Different Genetics, Different Symptoms
The gene responsible for cystic fibrosis can be broken in over 2,000 different ways. The most common variant, found in about two-thirds of all CF cases globally, originated in European populations. Other populations carry different variants that standard genetic screening panels may not include.
This matters because the specific gene variant influences symptoms. In a study of children of African descent with CF, 83% had problems digesting food due to pancreatic insufficiency, and 41% developed a dangerous lung infection before age two. Meconium ileus, a bowel blockage at birth, occurred at roughly double the national average rate. An American registry study found that Black patients with CF tended to be diagnosed younger but had worse nutritional status and lung function compared to white patients.

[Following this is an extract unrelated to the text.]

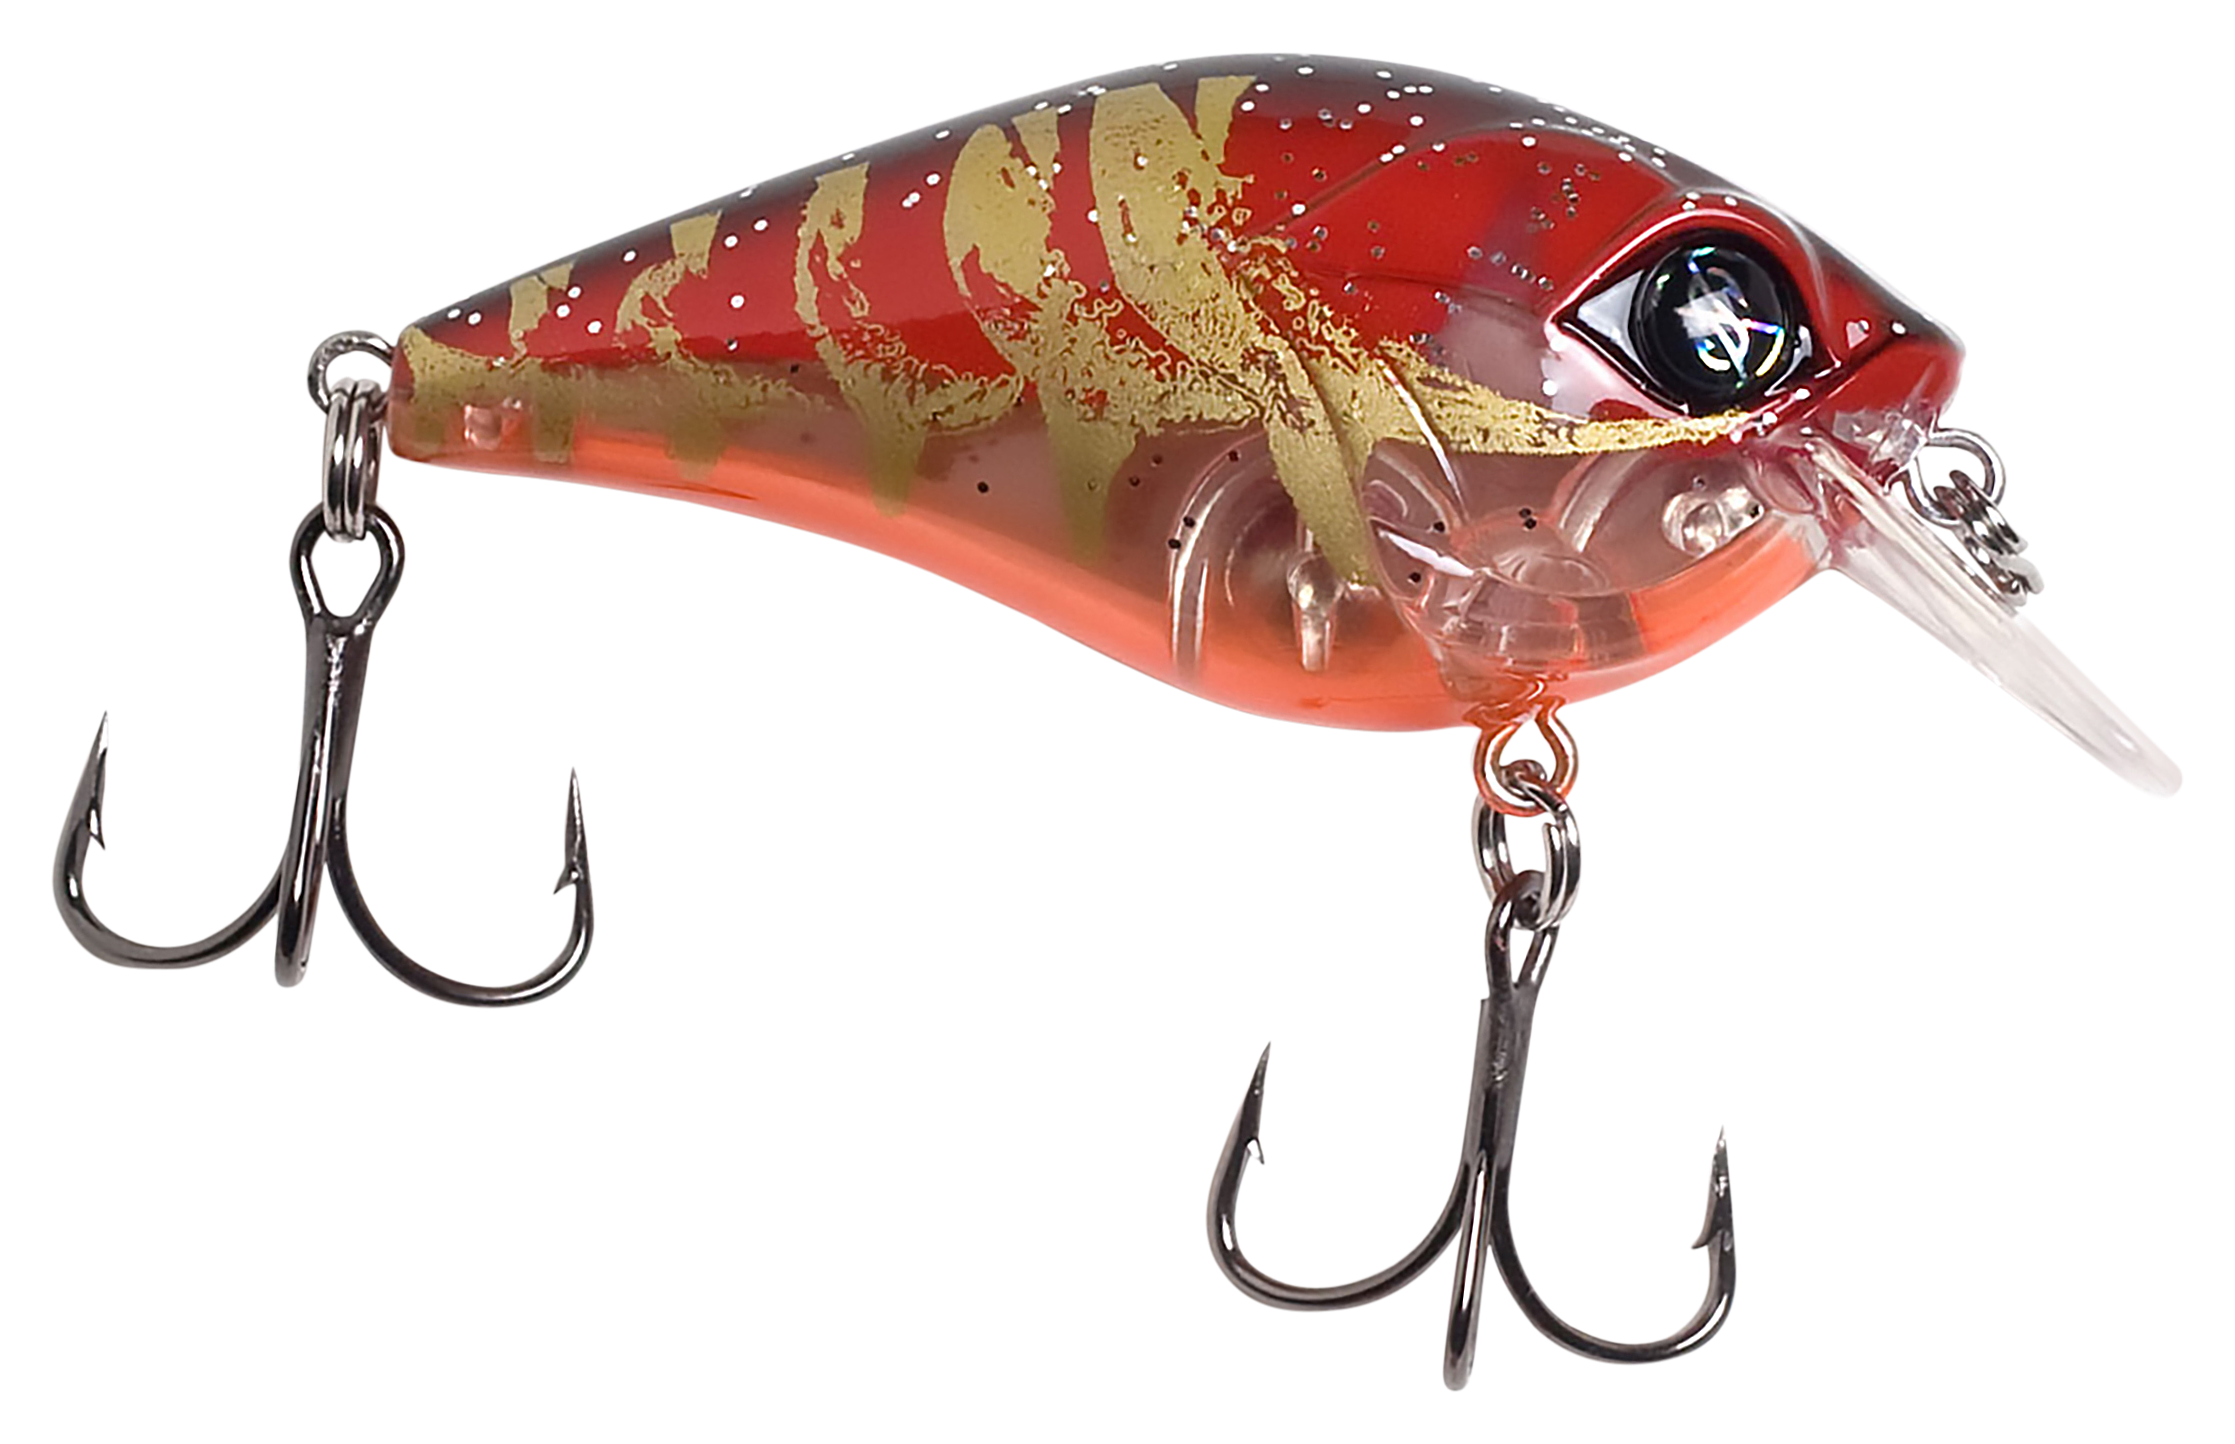 square bill crankbait, square bill crankbait Suppliers and

Hispanic patients also face distinct challenges. A national study found that Hispanic Americans with CF had a mean age of death of 22.4 years, compared to 28.1 years for non-Hispanic patients. This gap appeared across most U.S. regions, with differences in the Midwest, Northeast, and West all reaching statistical significance.
Newborn Screening Misses More Non-White Infants
Every state in the U.S. screens newborns for cystic fibrosis, typically using a blood test followed by genetic testing for known CF-causing gene variants. The problem is that most screening panels were designed around variants common in people of Northern European ancestry. When a baby carries a less common variant, the screen is more likely to miss it.

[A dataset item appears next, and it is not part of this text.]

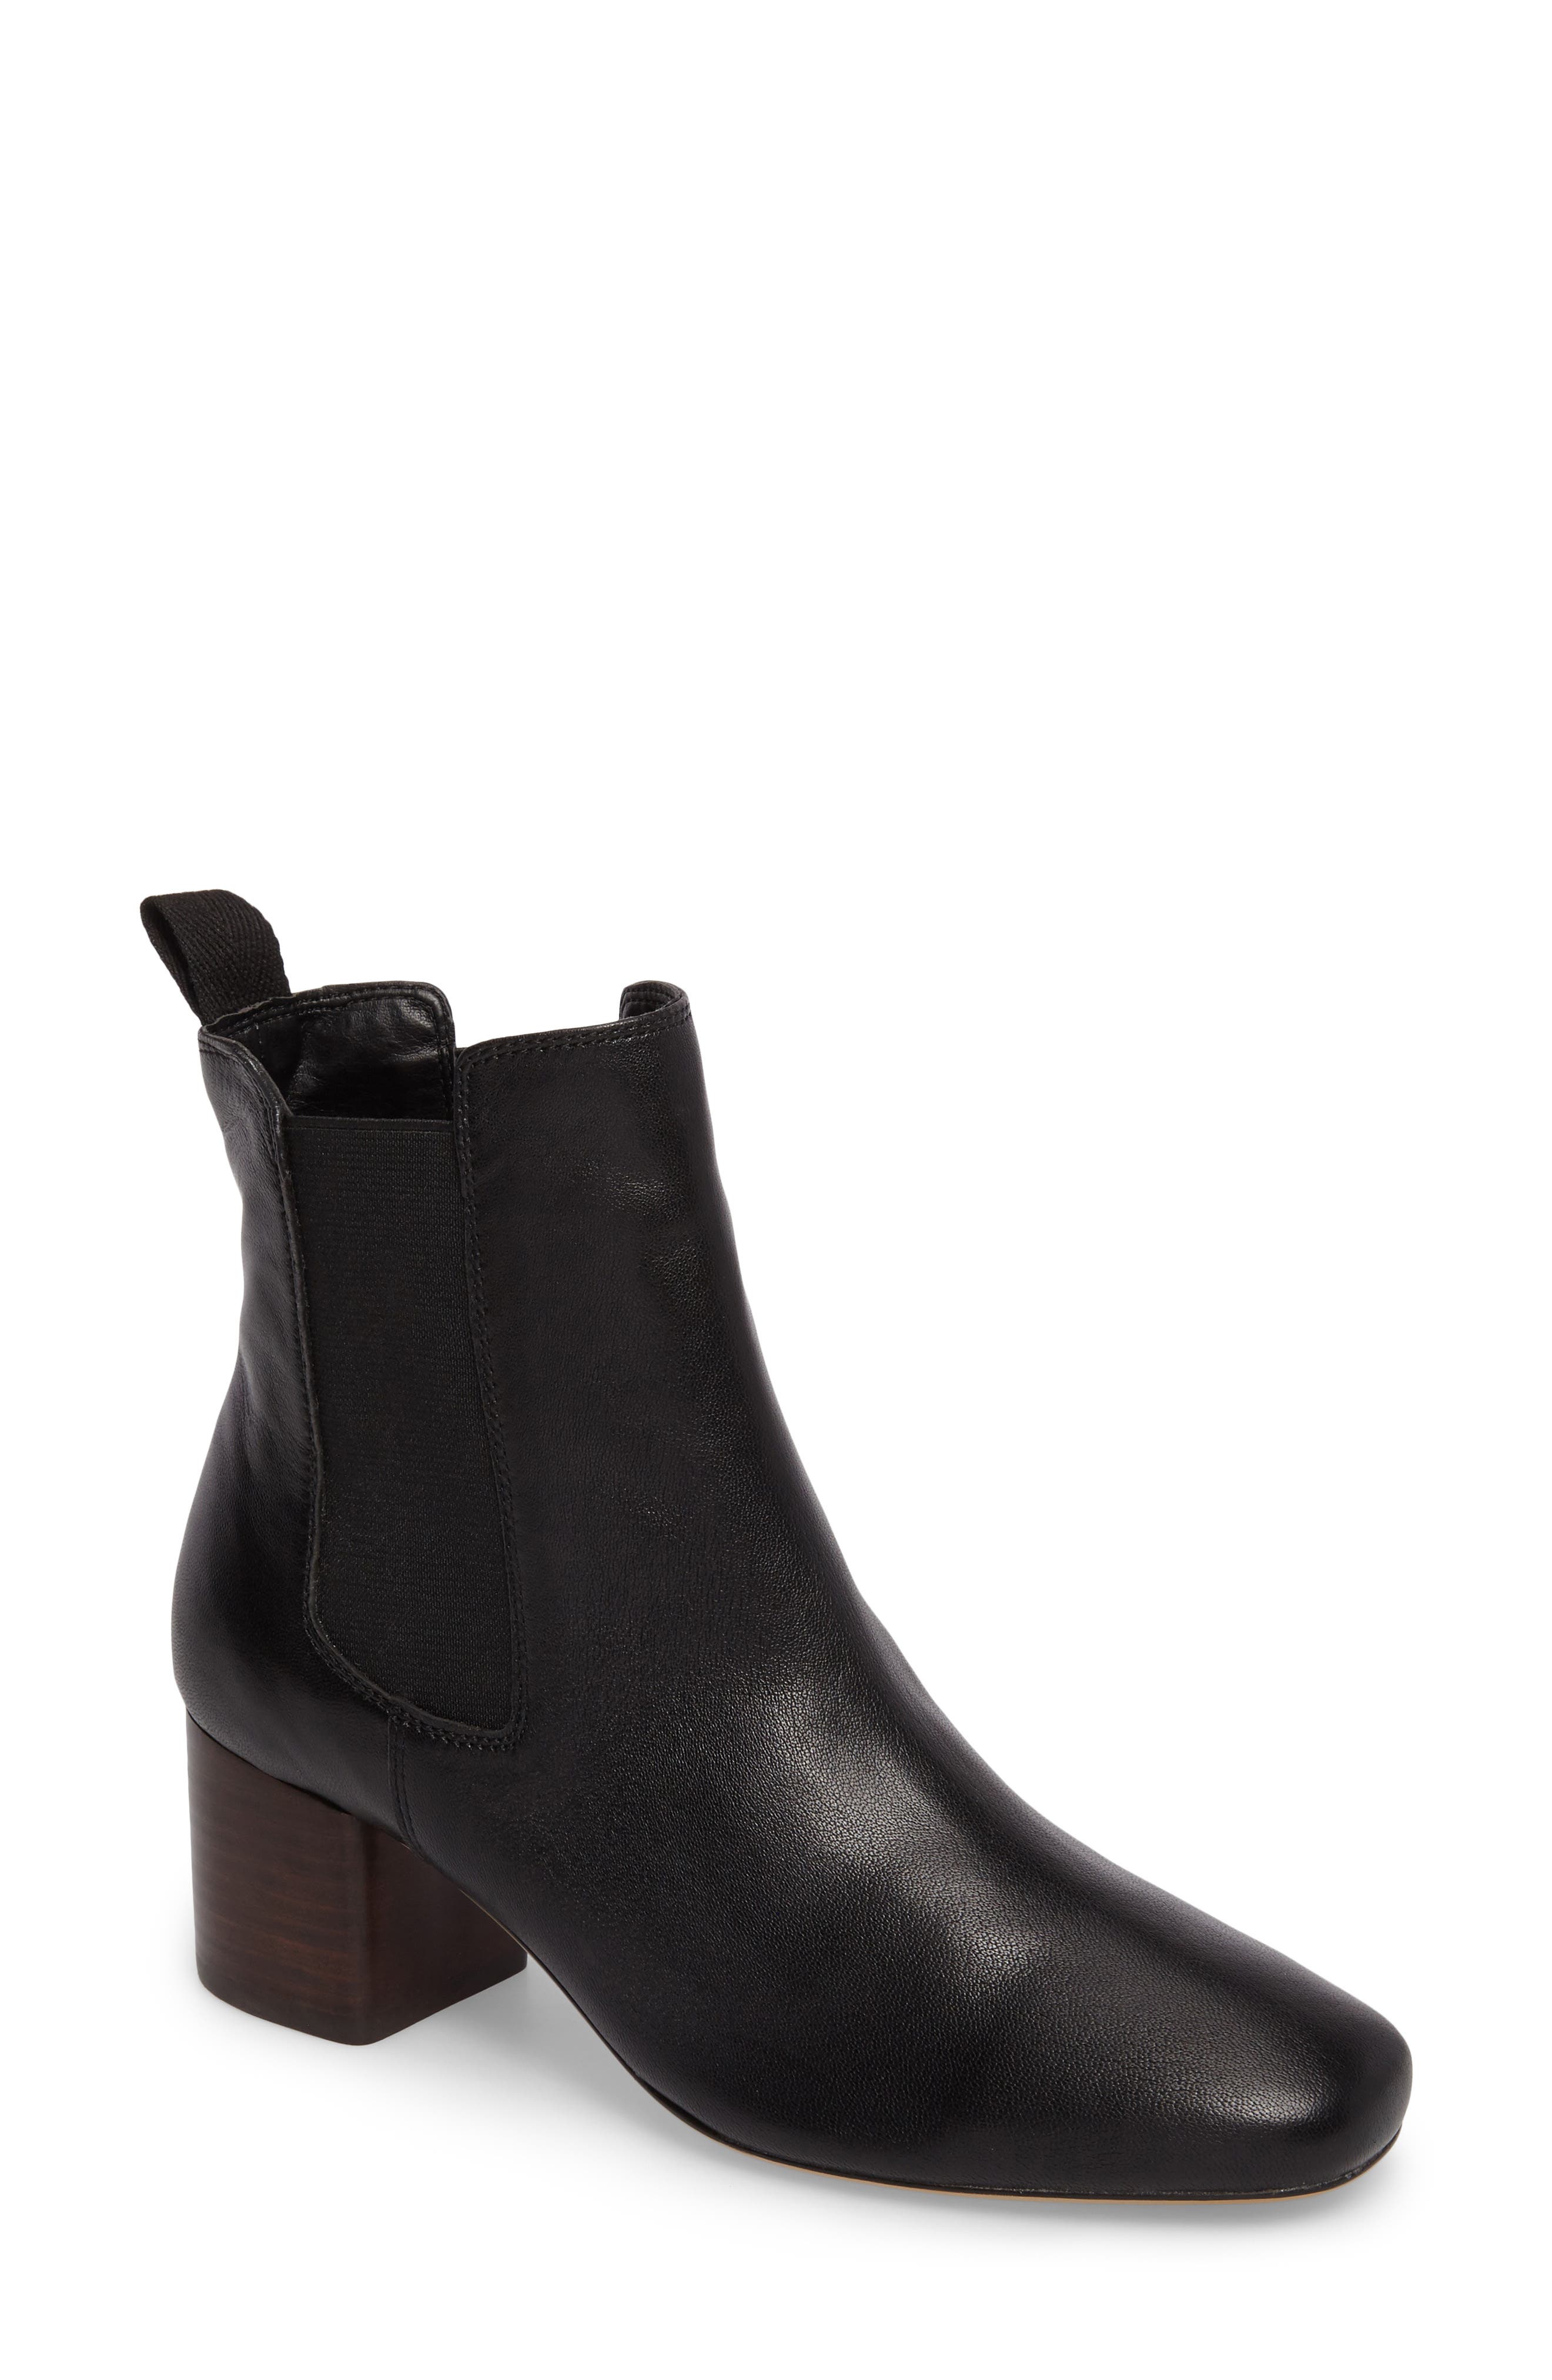 Tony Bianco Alby Chelsea Bootie In Black Nappa Leather | ModeSens

Between 2011 and 2020, 3.8% of all people with CF in the U.S. patient registry had a false-negative newborn screen, meaning they were told their baby was fine when the baby actually had CF. Black and Hispanic infants were significantly overrepresented in that group. Of all false-negative results, 15.5% were in Hispanic infants and 6.5% in Black infants, proportions well above their share of the CF population. White infants were underrepresented in both false-negative results and delayed diagnoses.
Even when newborn screening flags a potential problem, minority infants wait longer to be evaluated. A study of over 3,000 infants found that those categorized as Black, American Indian, Native Alaskan, Asian, or Hispanic had their first clinical evaluation at a median of 31 days after birth, compared to 22 days for white, non-Hispanic infants. That nine-day gap may sound small, but early treatment in CF makes a measurable difference in growth and lung health during the first year of life. Infants evaluated later had lower weight-for-age scores between 12 and 24 months.

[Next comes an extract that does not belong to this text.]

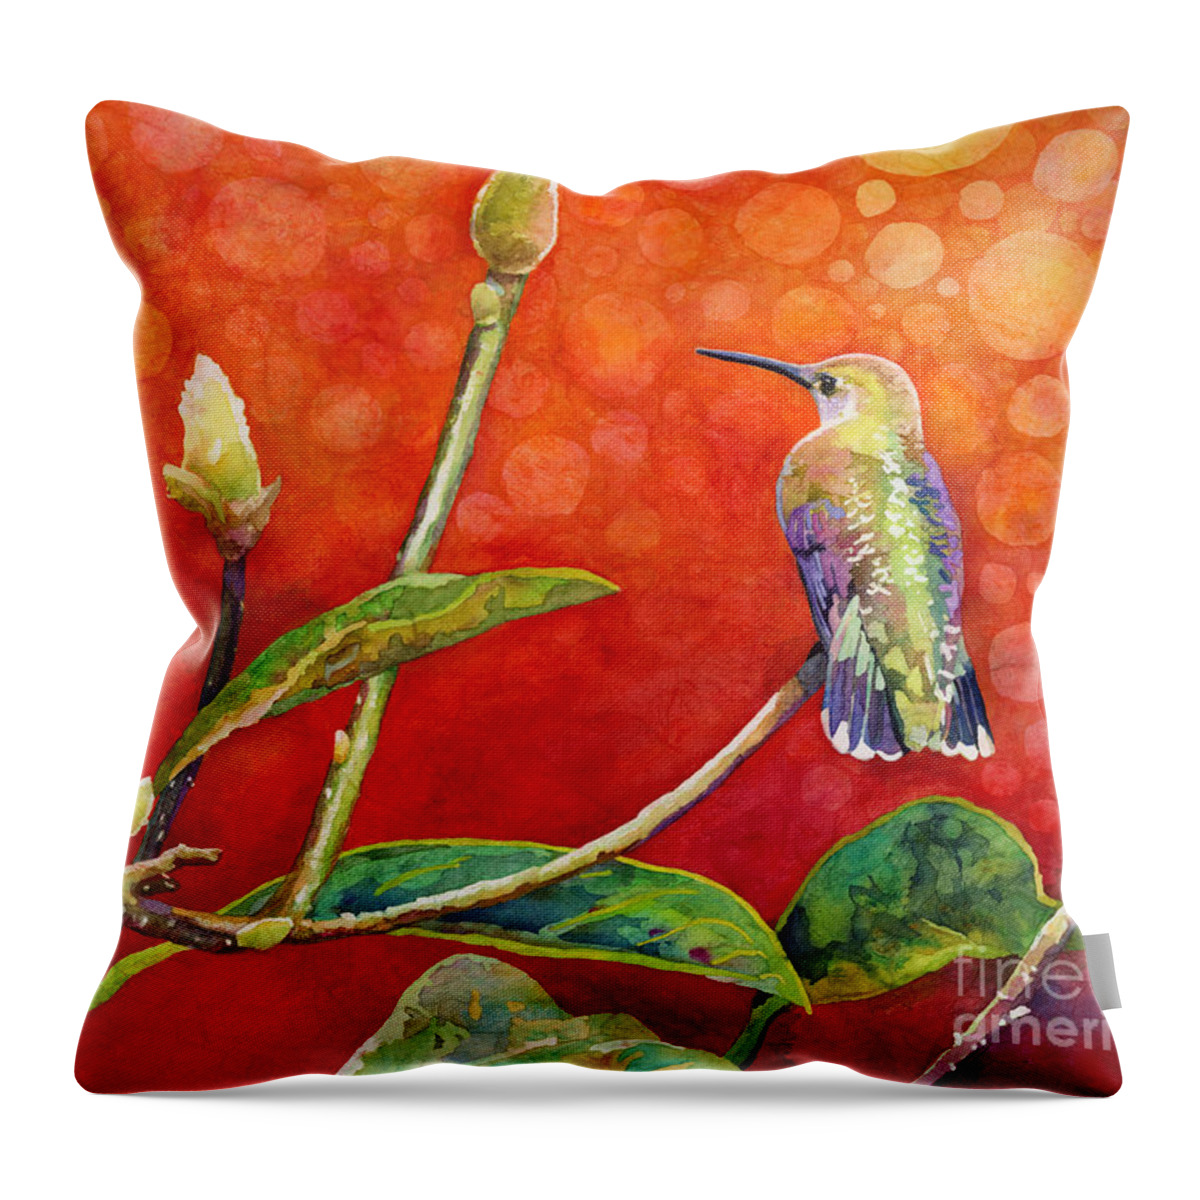 Hummingbird Throw Pillow featuring the painting Dreamy Hummer by Hailey E Herrera

What Drives the Diagnostic Gap
Several factors compound the screening problem. When genetic testing finds only one recognizable CF variant instead of two, clinicians may feel less urgency about follow-up, especially if the baby doesn’t fit the expected demographic profile. This kind of bias, often unconscious, delays evaluation for families who don’t match the textbook picture of a CF patient.
Insurance status also plays a role. Public insurance was independently associated with lower weight-for-age scores in the first year, likely reflecting broader barriers to accessing specialized CF centers. Since Black and Hispanic families in the U.S. are more likely to rely on public insurance, structural inequities layer on top of the biological and screening gaps.
The result is a cycle: CF is thought of as a white disease, so screening tools are optimized for white populations, so non-white patients are diagnosed later, so clinicians see fewer non-white CF patients, which reinforces the original assumption. Breaking that cycle requires broader genetic panels, faster follow-up for all flagged newborns regardless of background, and awareness that cystic fibrosis can affect anyone.